Кибальчич, привыкая к его манере вести разговор, усмехнулся, пожал плечами.
– Или вы так наивны? Объяснитесь, я плохо понимаю вас.
– А вы? – осторожно спросил он. – Зачем?
– У вас уже есть возражения?
– Нет, но… т-таков вопрос, что… – Замолчал. Опасался обидеть этого непонятного пока человека.
– Сколько вам лет, Кибальчич?
– Двадцать один год.
– Вы не так молоды для таких вопросов, мой друг, – произнес ЭнТэ с неявной угрозой. – А скоро и вовсе станете стары. Что тогда? Что ваша единственная жизнь?
– Но, может быть, можно… яснее?
– Нельзя, – отрезал ЭнТэ. – Если не понимаете – нельзя.
Кибальчич рассмеялся.
– Странный у нас получается разговор.
– Не смейтесь, – возразил ЭнТэ с той же значительностью. – Все слишком серьезно. Вы поймете это, когда пройдет жизнь.
Пойма Соби заросла обильной, уже и перестоявшей травой, звенели косы на другом берегу, сладким ароматом разогретого клевера потягивало оттуда.

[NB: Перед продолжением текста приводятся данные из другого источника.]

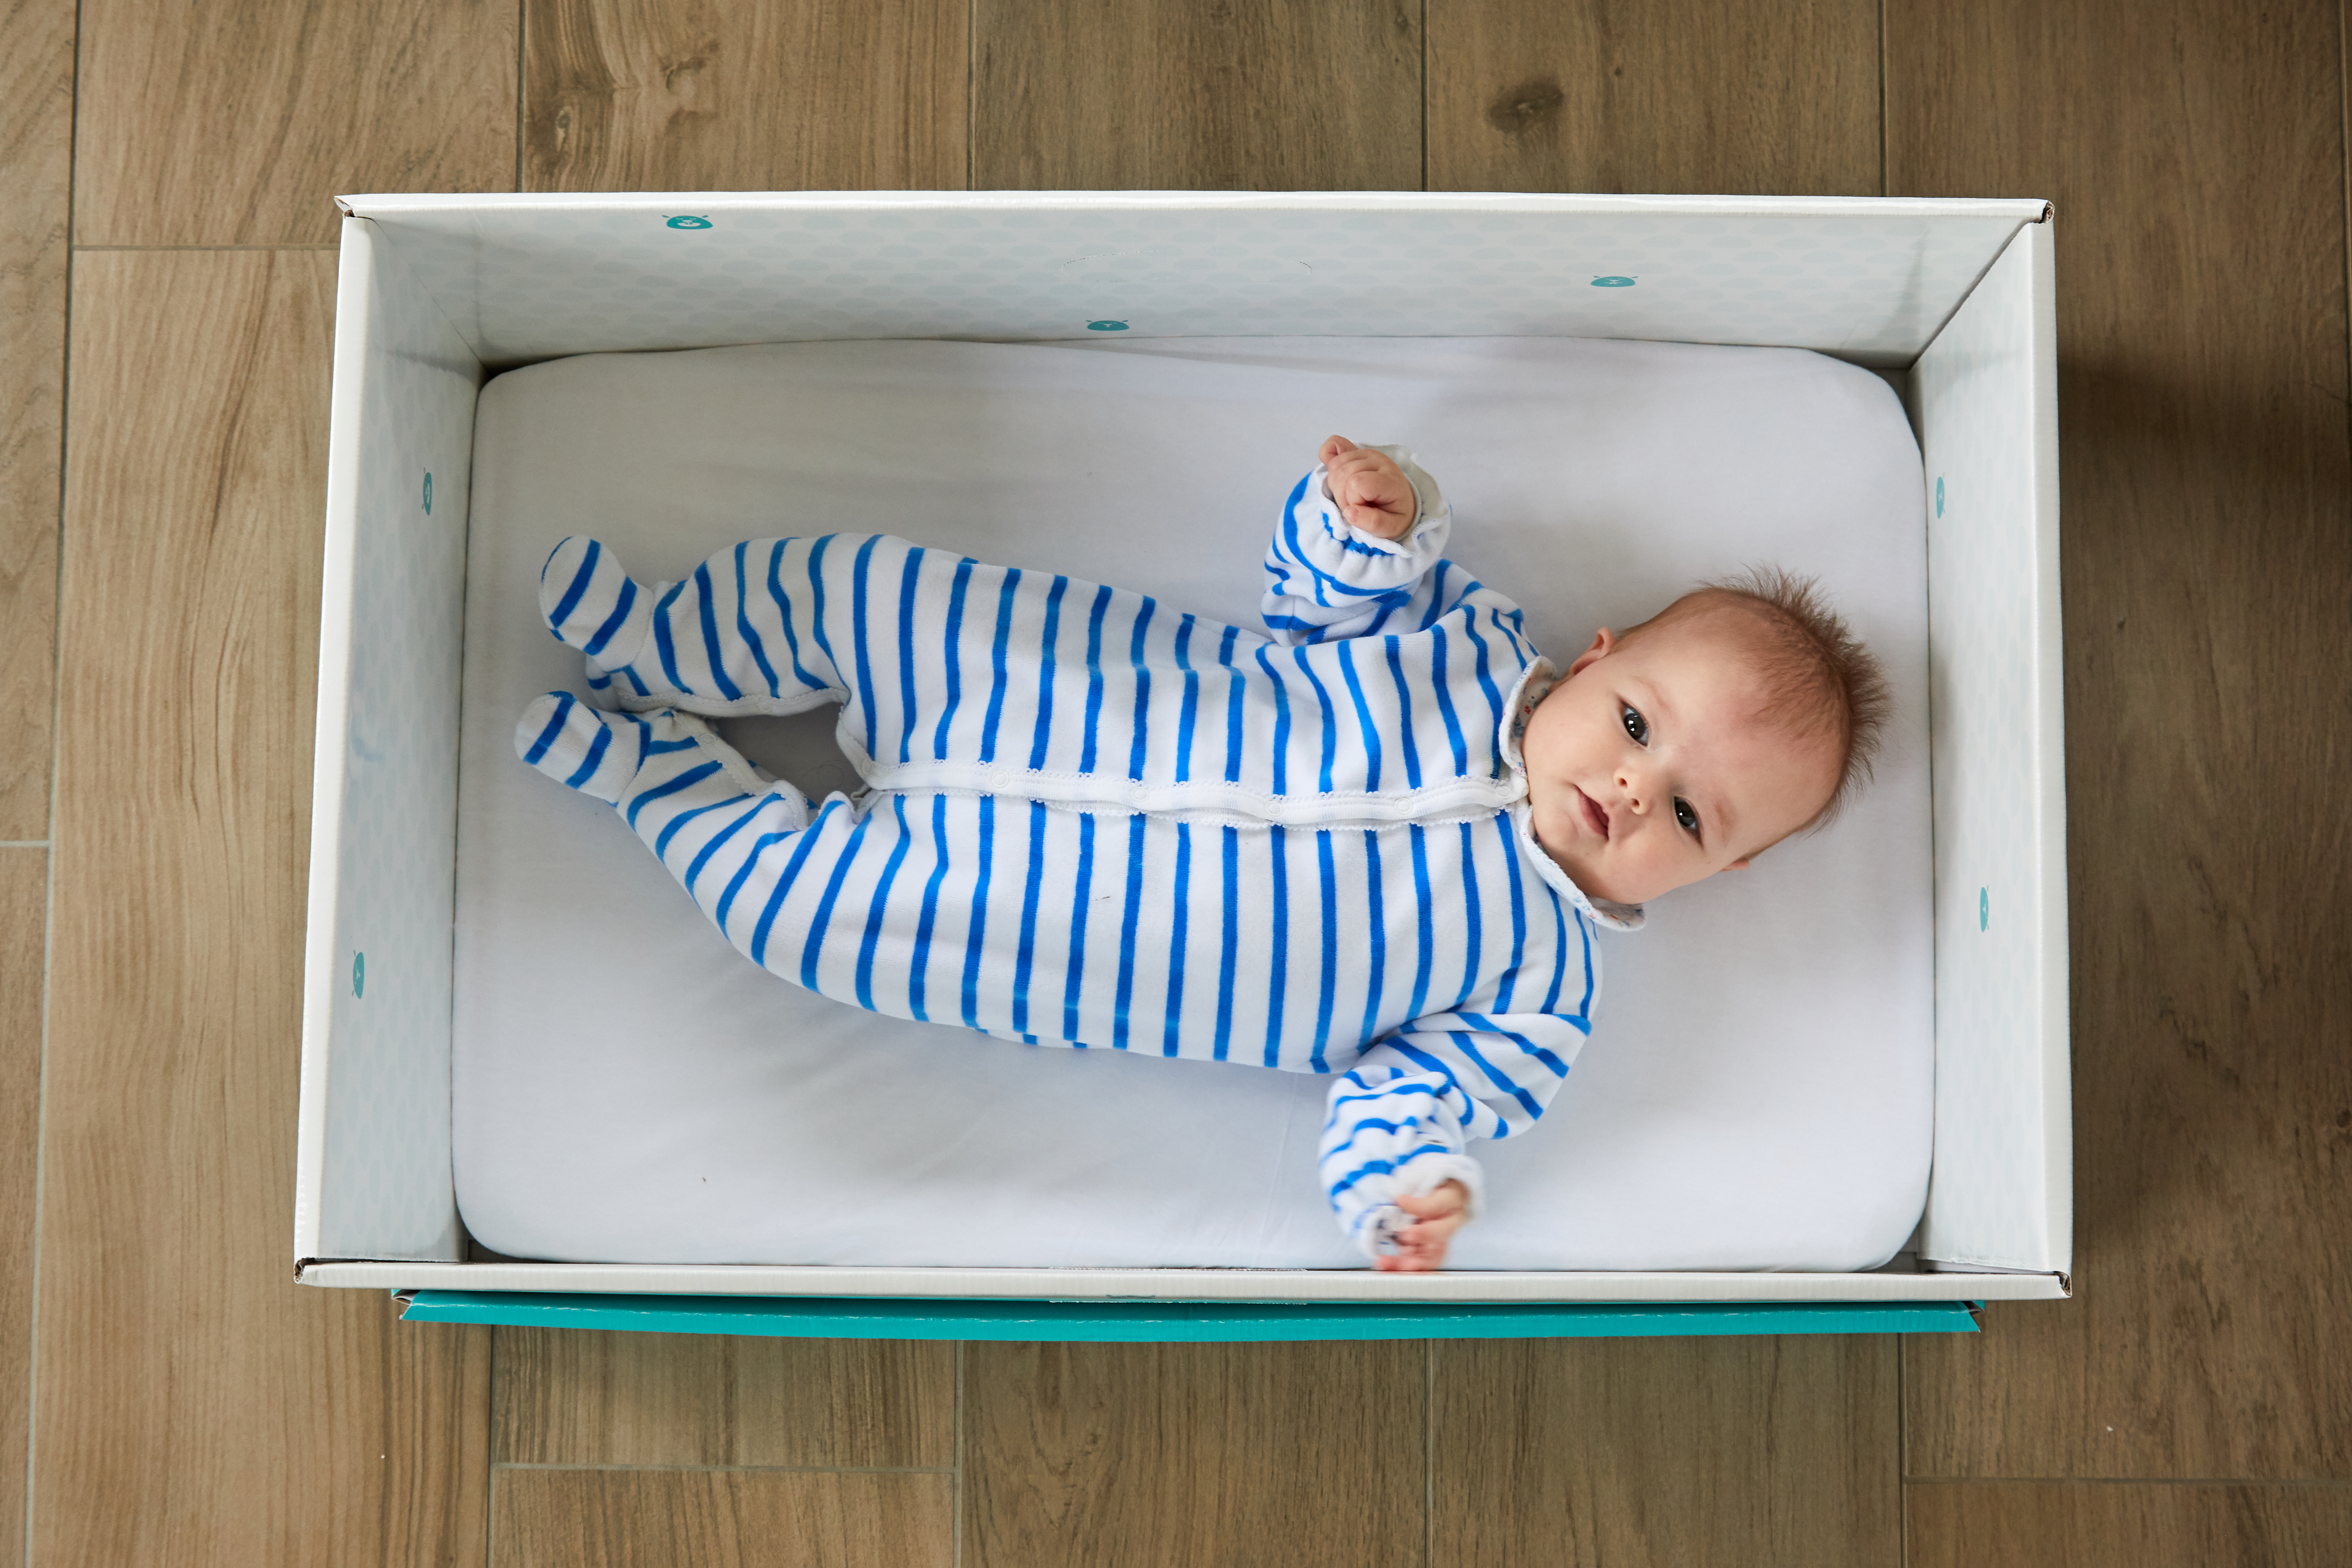 Baby Box’: la boite de naissance qui s'engage pour le droit à l'identité de chaque enfant

– Вас не беспокоит этот звон? – спросил ЭнТэ. – Меня беспокоит. Знаете, почему? Потому, что у них, косцов, сейчас пот течет в глаза, а мы с вами нюхаем травы.
– Что же делать? Стать с ними в ряд?
ЭнТэ поморщился.
– Так ведь вы не умеете косить, Кибальчич. И я не умею. Да и не в этом дело. Надо что-то совсем другое… Чем вы вообще намерены заниматься? Как жить?
– К-косить я умею, – возразил он. – Полторы десятины за день, если угодно. П-поповичи – не помещики, а скорее, крестьяне. Что касается будущего… Стану врачом. Может быть, хирургом. Буду спасать людей.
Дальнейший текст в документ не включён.